Depois sobre o Markovic voltamos à história da cláusula de rescisão mas desta vez de uma forma ainda mais descabida. Portanto, o que nos foi dito foi que o sérvio só não tinha uma cláusula de rescisão superior porque depois as pessoas podiam comentar que a mesma era demasiado alta para o valor do jogador.
Infelizmente foi mesmo isto que o presidente do Benfica disse.



Mais à frente, no meio de um gaguejo, pareceu que o presidente do Benfica lá disse que os três jovens do Benfica foram emprestados com cláusula de aquisição. Também não se alongou muito neste assunto. Contudo, conseguiu ainda foi comparar o Fafe com o Deportivo, Mónaco e Valência.



A conversa sobre o Benfica made in Seixal já só ilude quem quer ser iludido. Será assim muito difícil perceber que os jogadores da formação só vão ter espaço no plantel quando quem manda contar com eles na elaboração do mesmo? Ou se deixa espaço os miúdos integrarem o lote de 25 jogadores ou então o Benfica made in Benfica nunca vai passar de um slogan bonito mas populista e oco. Como é que se pode insistir nesta ideia quando todos os verões contratamos mais de uma dezena de jogadores?
Isto que se está a fazer ou é mentir ou é não se perceber minimamente daquilo que o processo exige.

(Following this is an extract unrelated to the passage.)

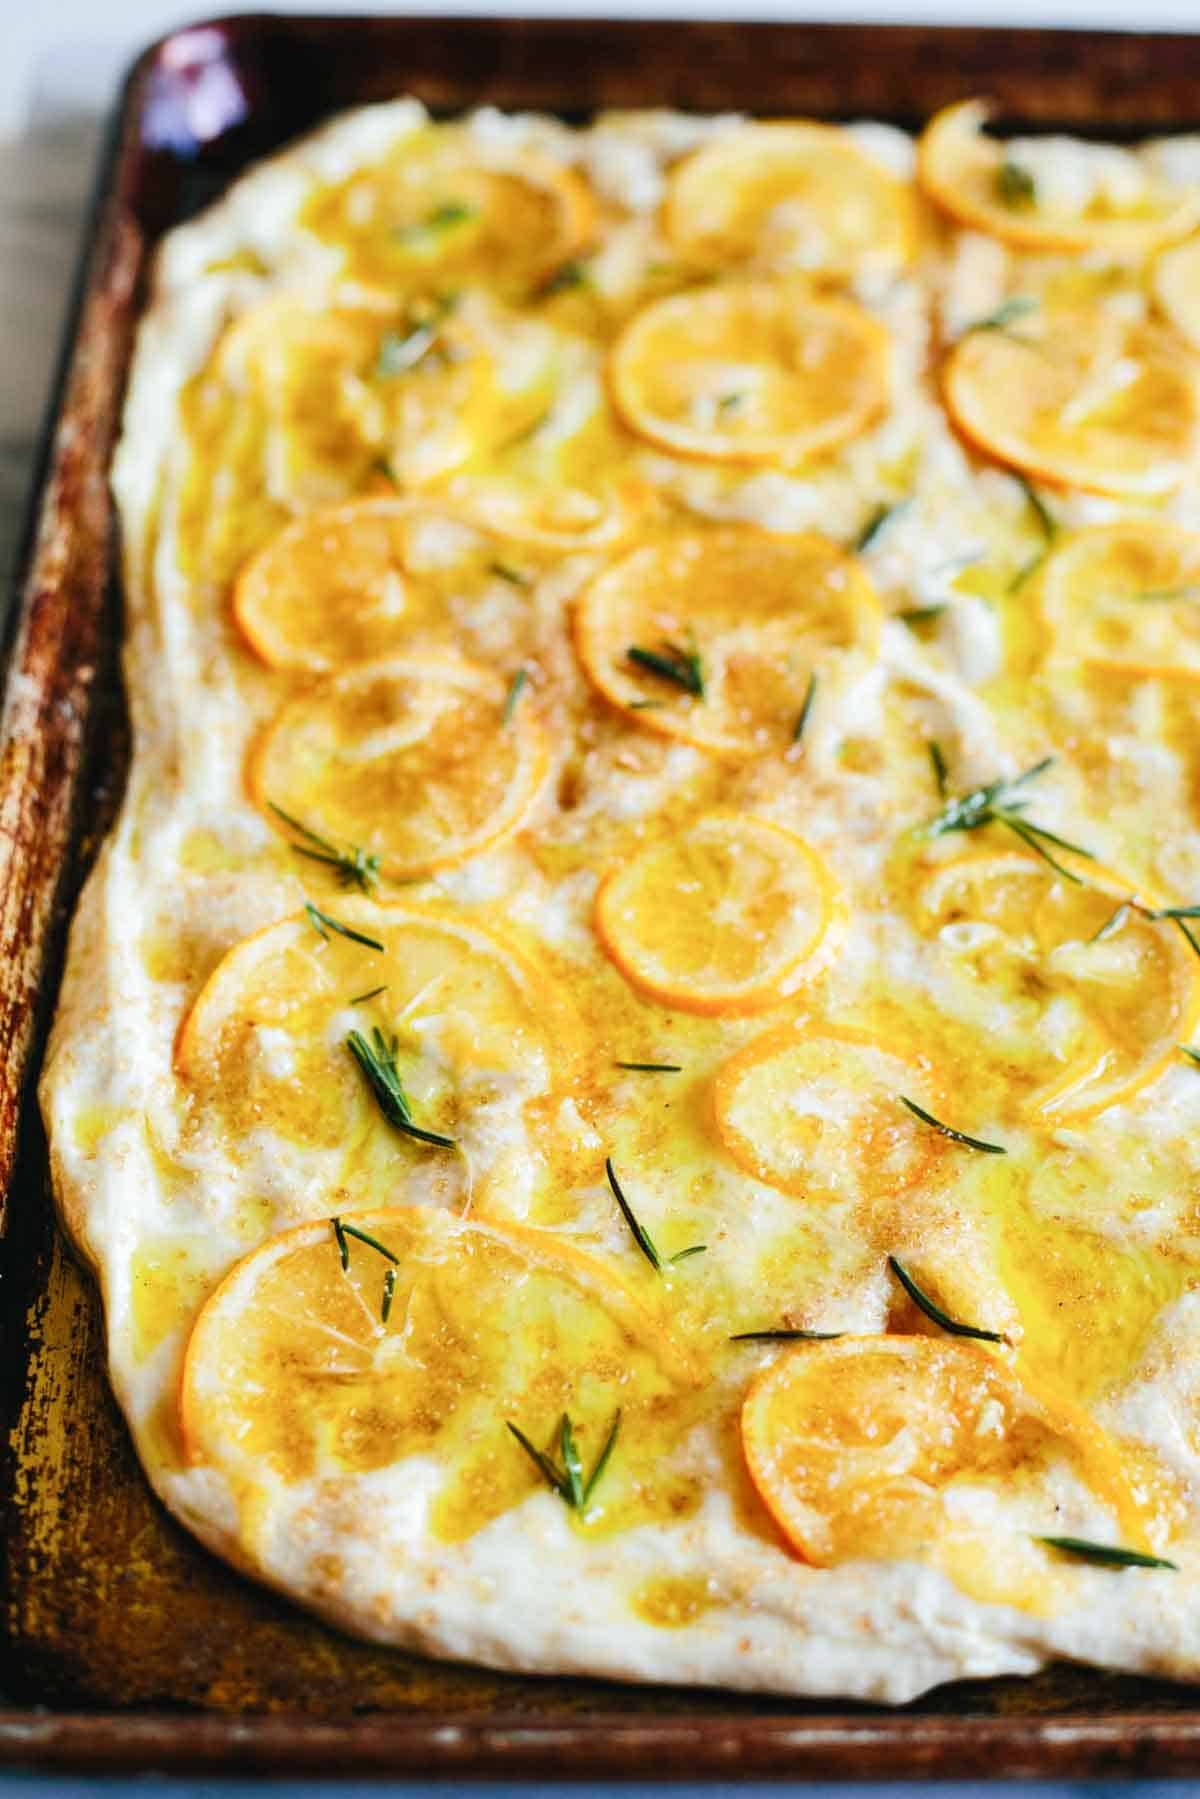 Focaccia dough spread out on a baking pan with sliced lemons, rosemary and raw sugar on top.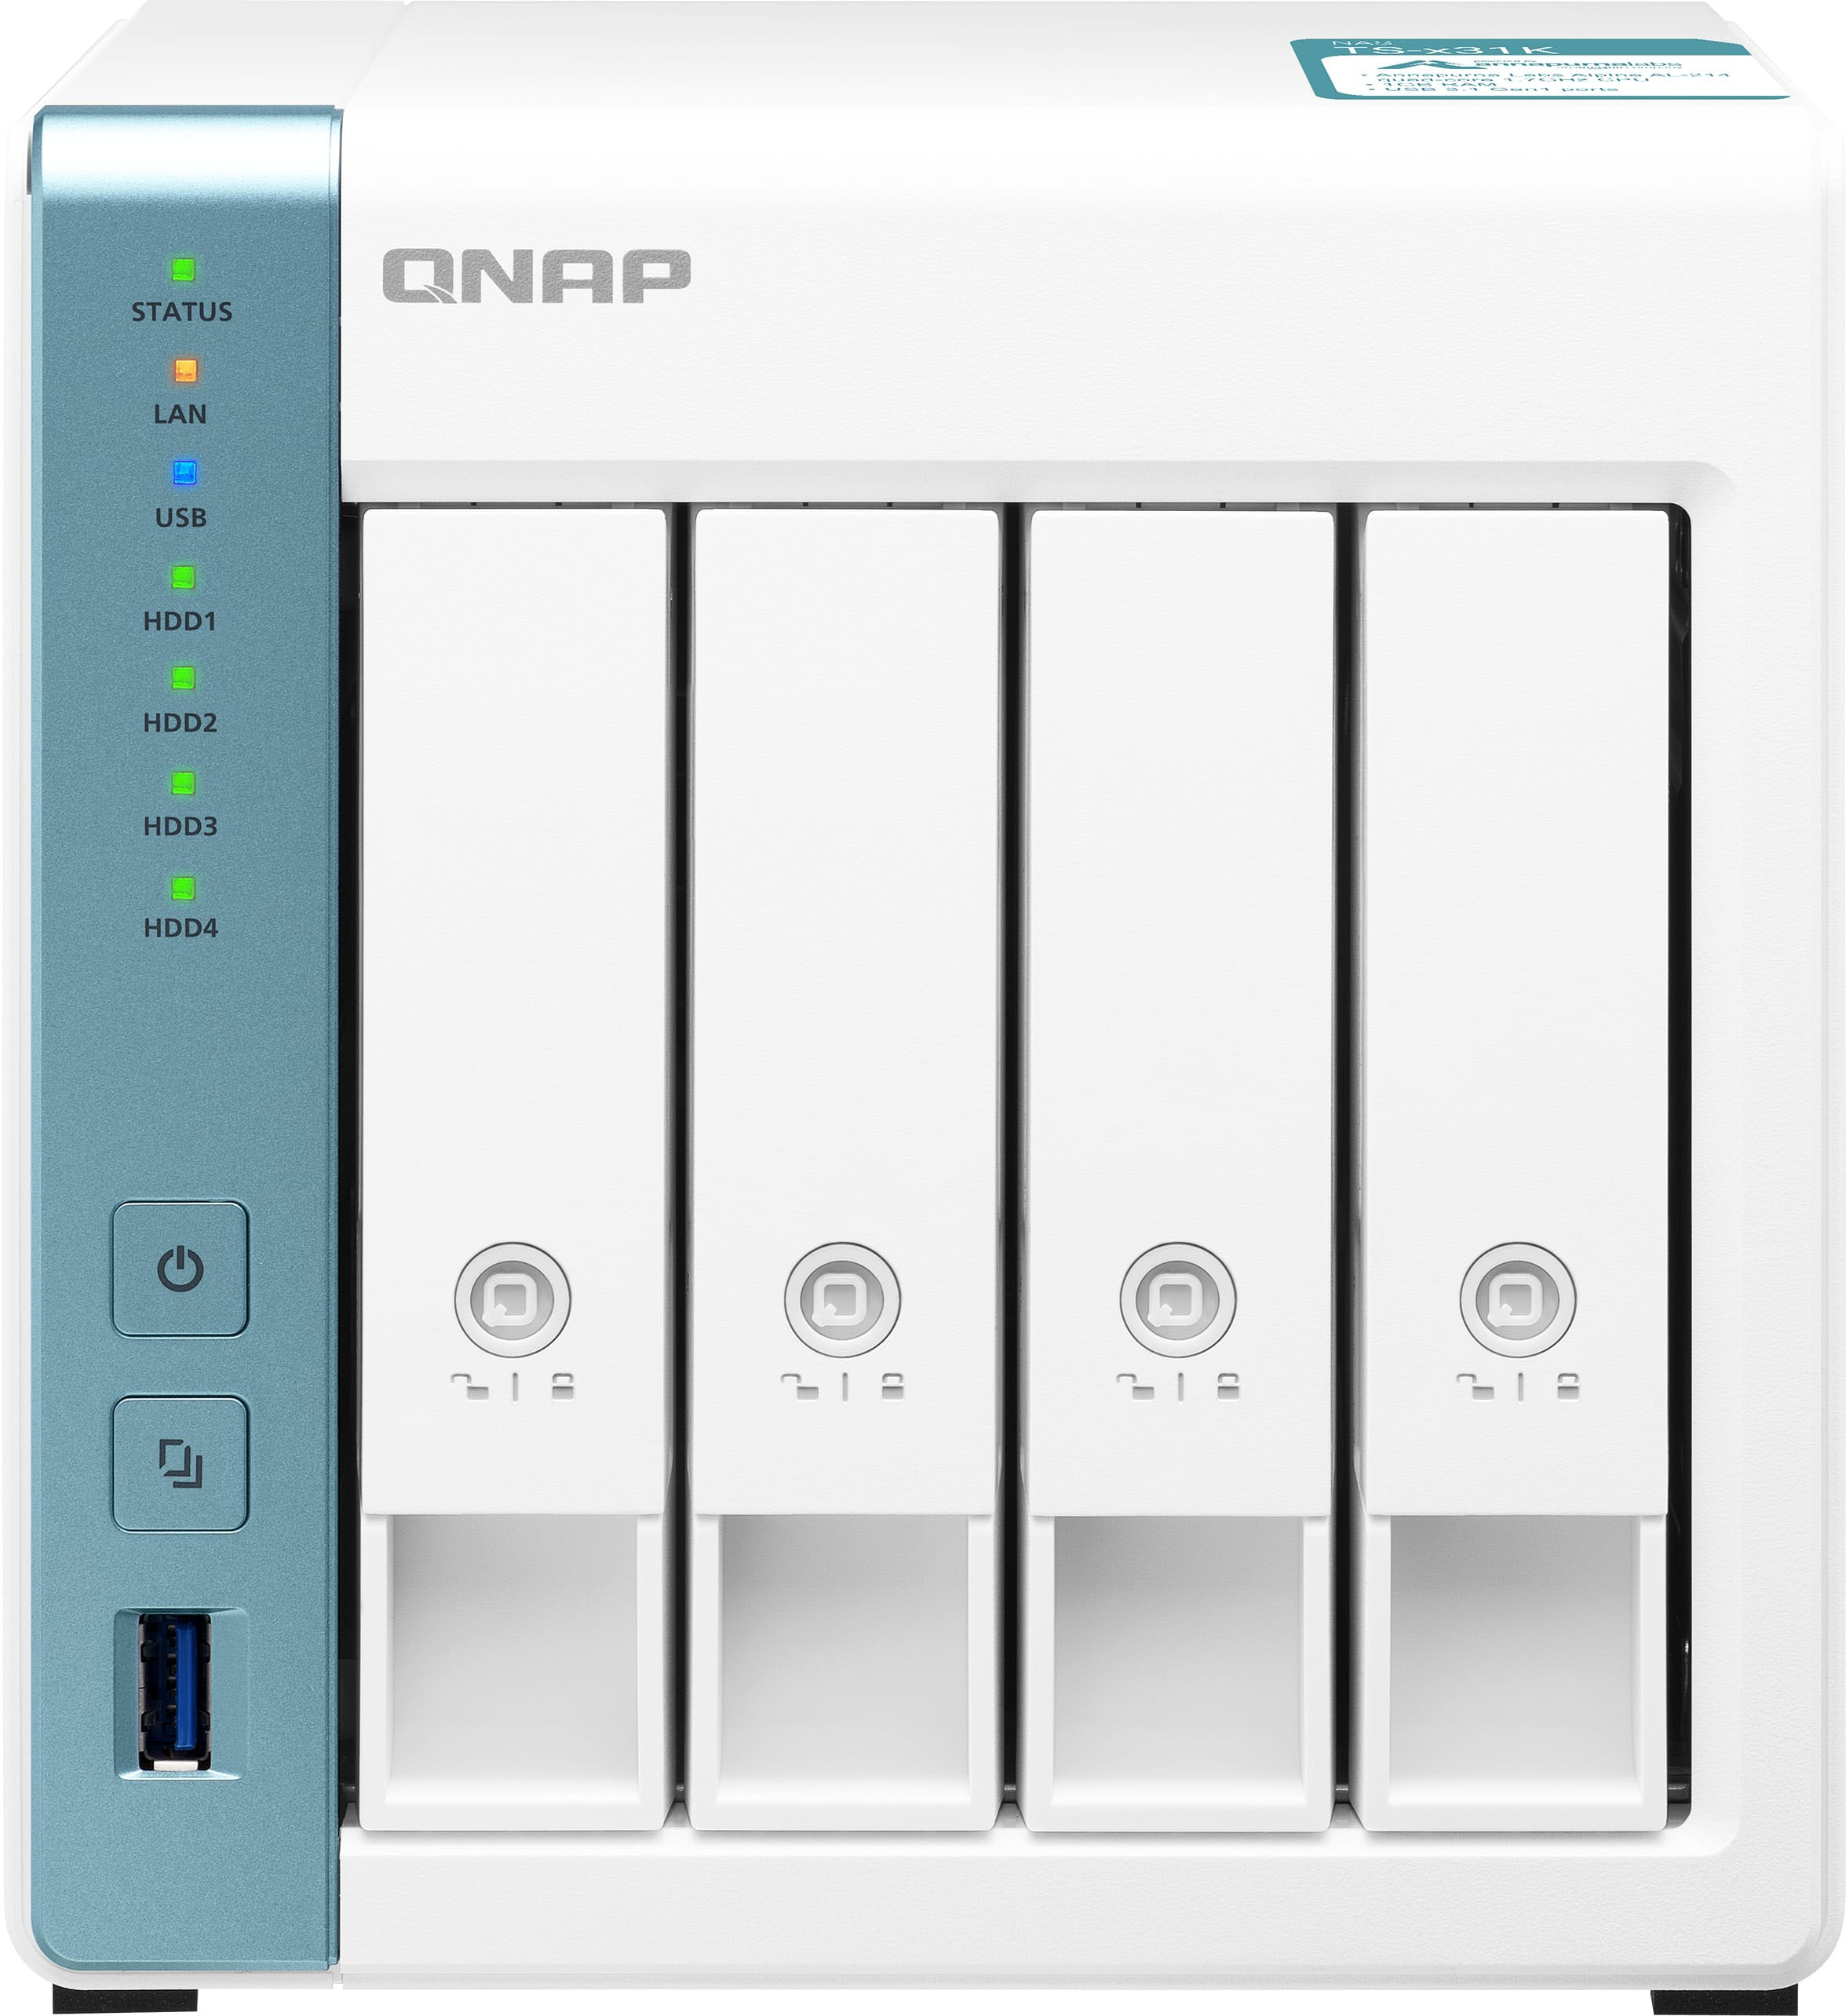 QNAP - TS-431K 4-Bay, Personal Cloud for Backup and Data Sharing, 1GB RAM, External Network Attached Storage (NAS) - White

Quanto às declarações do Ivan sobre o Jorge Jesus, as quais são idênticas às de vários outros jogadores, ficámos a saber que tudo não passou de uma provocação dos jornalistas portugueses. Ok, é isso.



Aquela conversa sobre vencer a Liga dos Campeões e sobre a preferência entre chegar aos Quartos desta ou vencer a Liga Europa, merece algum tipo de comentário? Até o Hélder Conduto se engasgou com a resposta do presidente.



E sobre os lucros da BenficaTv…





“Nas horas da derrota é que temos de ser muito fortes, não é na derrota que temos de criticar, é quando estamos a ganhar que nos têm de criticar.”


“Se toda a gente dissesse bem de mim e concordasse comigo eu ia-me já embora.”





A primeira afirmação vem para confundir os fanáticos do “apoia”. A segunda vem para confundir aqueles que não concordam com a política da actual direcção do Benfica. Será que…
 
Felizmente esta entrevista coincidiu com a estreia dos Expendables e assim deu para aliviar momentaneamente muita da tensão acumulada durante aquela hora.